A "cavalier" company boss who killed his childhood friend after sending him into a lake to retrieve golf balls has been jailed for more than two years.

Dale Pike, 25, was supposedly supervising Gareth Pugh, 29, when he entered the water at Peterstone golf club, near Newport, South Wales, to collect golf balls.

Cardiff Crown Court heard that Pike, who had founded Boss Golf Balls with his father Jonathan, was using unsuitable diving equipment, had ignored health and safety guidelines and could not supervise Mr Pugh properly because one of his arms was in plaster.

He was also not qualified to dive either recreationally or commercially and was not trained to supervise others diving.

Pike would pay golf courses 10p for every golf ball he collected and would then sell them online - charging up to £30.99 for a pack of 20 balls.

Mr Pugh, a father-of-one who had the mental age of a nine-year-old when he was 13, worked for Boss Golf Balls on an ad hoc basis, earning up to £40 a day collecting balls.

The incident happened on February 11 last year while Mr Pugh was using diving equipment for the first time, which supplied air from a length of pipe attached to a surface compressor.

Prosecutor Philip Evans QC said: "The defendant was the only other person present and was supposedly acting as the 'banksman' keeping a look out. But that was not effective because he had one of his arms in plaster.

"He realised he had not seen Mr Pugh for some time and the emergency services were called. By the time Mr Pugh had been located he had been submerged for 70 minutes."

Pike had made inquiries with professional diving companies about what he needed to do to collect golf balls safely and was told he would need a qualified team of five people, costing around £1,250 a day, but he only wanted to pay £40 a day.

"There is evidence that the defendant knew of the risks and that this activity was governed by the health and safety regulations. It is clear the defendant knew that the activities he was undertaking were governed by Health and Safety Executive rules and he chose to ignore them," Mr Evans said.

Pike had told prospective employers that he had all the necessary qualifications to run a company retrieving golf balls from ponds and lakes.

A health and safety investigation found there were 16 breaches of regulations, including no risk assessment, Mr Pugh was not qualified to dive, he was not attached to a rope and the equipment he used was not suitable for the job.

"This is a case where many of the failings are stark and many of them were simply matters of basic common sense which this defendant chose to ignore," Mr Evans said.

It is not clear what happened to Mr Pugh but he became detached from his face mask while he was at the bottom of the 2.4 metre deep lake.

His body was found with his bag containing 341 golf bags. The father-of-one had drowned.

At a previous hearing, Pike, of Chain Walk, Glynneath, Neath, admitted a charge of manslaughter by gross negligence.

Davis Elias QC, defending, said: "He has expressed sincere and genuine remorse.

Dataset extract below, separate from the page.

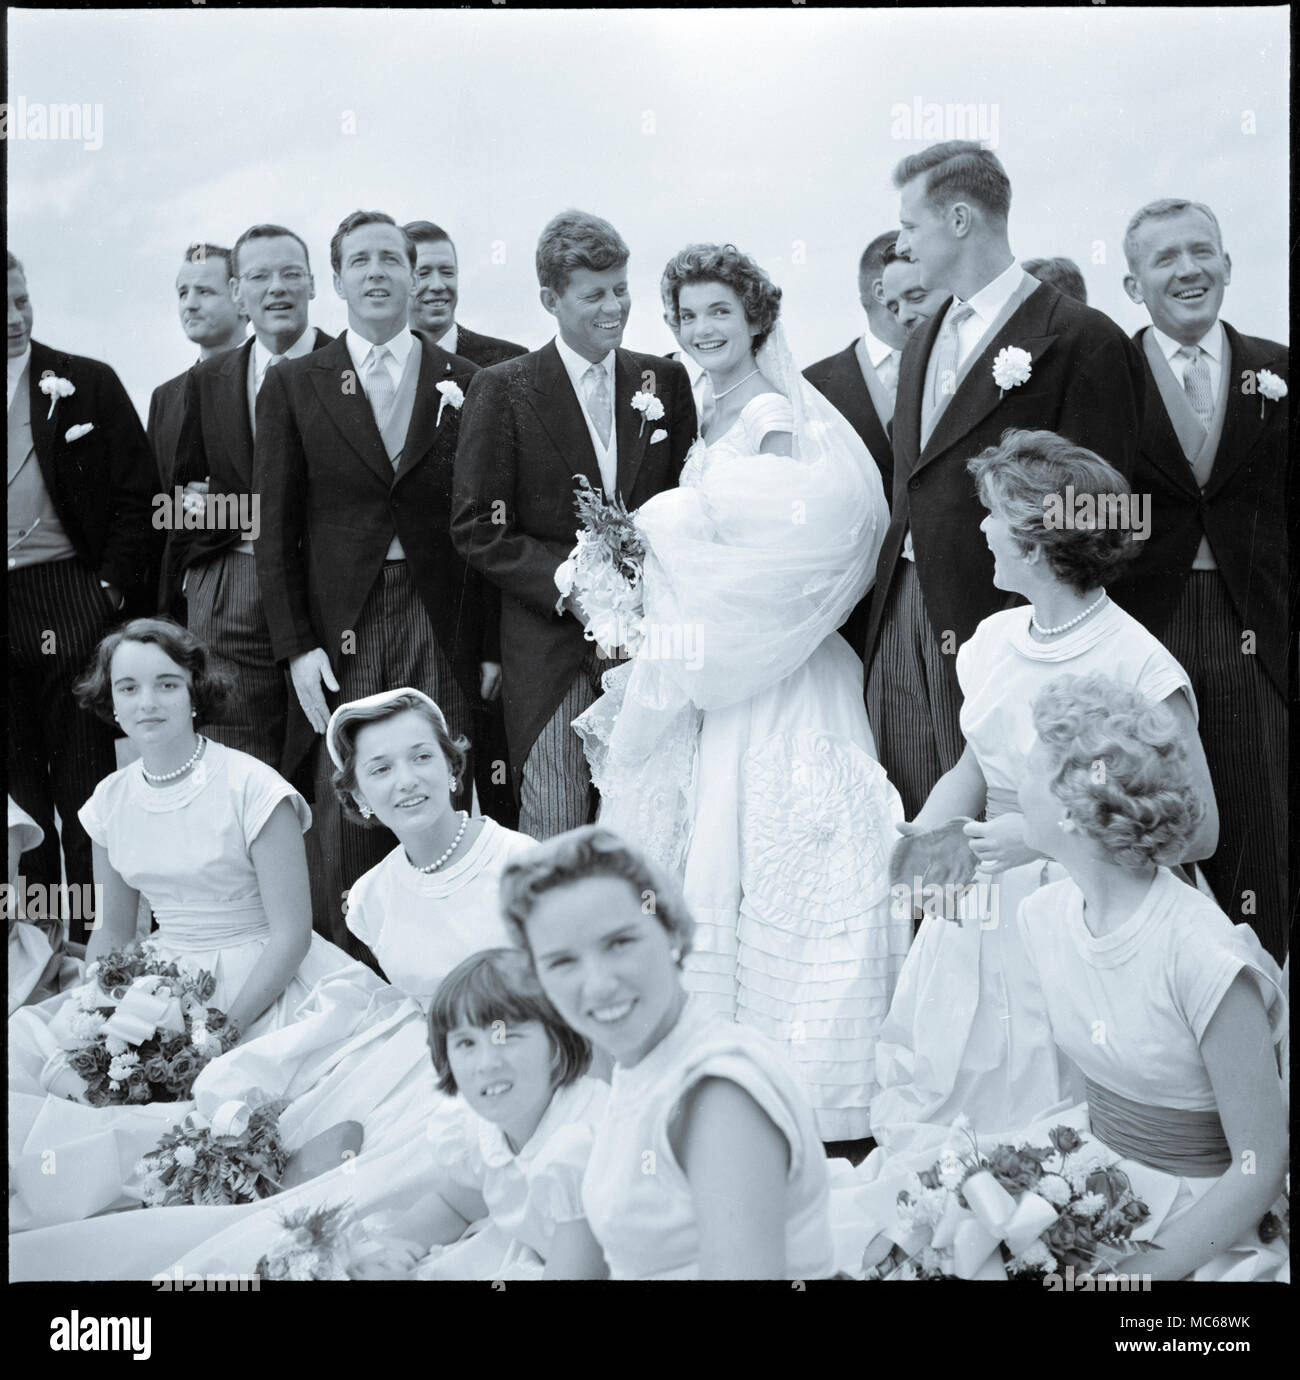 Jackie Bouvier Kennedy et John F. Kennedy, dans une tenue de mariage, avec des membres de leur fête de mariage - Septembre 12, 1953 Banque D'Images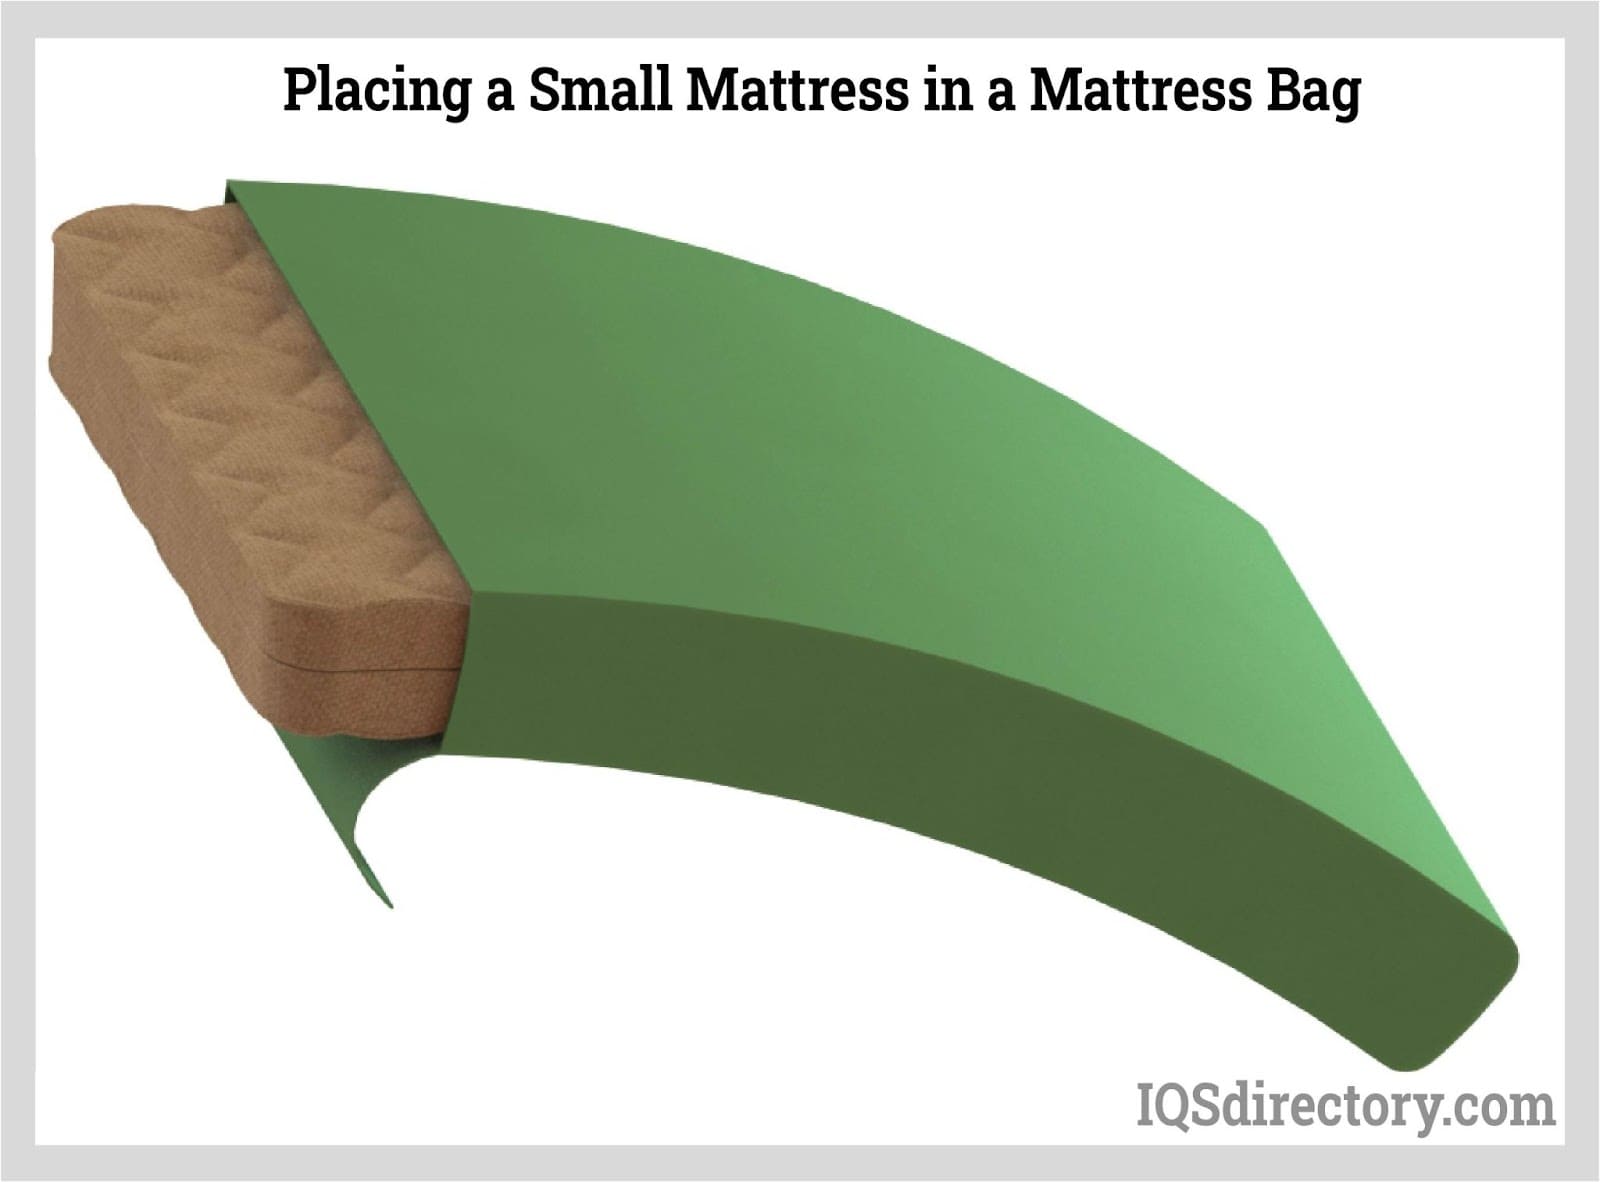 Placing a Small Mattress in a Mattress Bag

"He does not accept that Gareth Pugh's vulnerability was exploited. He had known him for many years and regarded him as a friend and an equal.

"Dale Pike decided foolishly that the equipment that he purchased was sufficient to enable whoever would use it to go deeper into the lakes.

"He did not believe that this sort of thing would ever be able to happen and he accepts complete responsibility for the failings.

"He naively and foolishly believed all would be well in that lake."

Judge Keith Thomas jailed Pike for 32 months and told him: "You ignored both the risks and advice because it would eat into your profits.

"Instead you sent Mr Pugh into a pond with inadequate equipment, a complete lack of training, and only you as a completely untrained and incapacitated back-up.

"You allowed him to take these risks in order to make a quick buck. I am satisfied that the risk of death or serious injury was obvious to you, and your cavalier attitude to safety was the cause of Mr Pugh's death.

"You ignored all the safety advice for your own personal and financial gain. I accept with hindsight that you bitterly regret what happened and that is reflected in your guilty plea."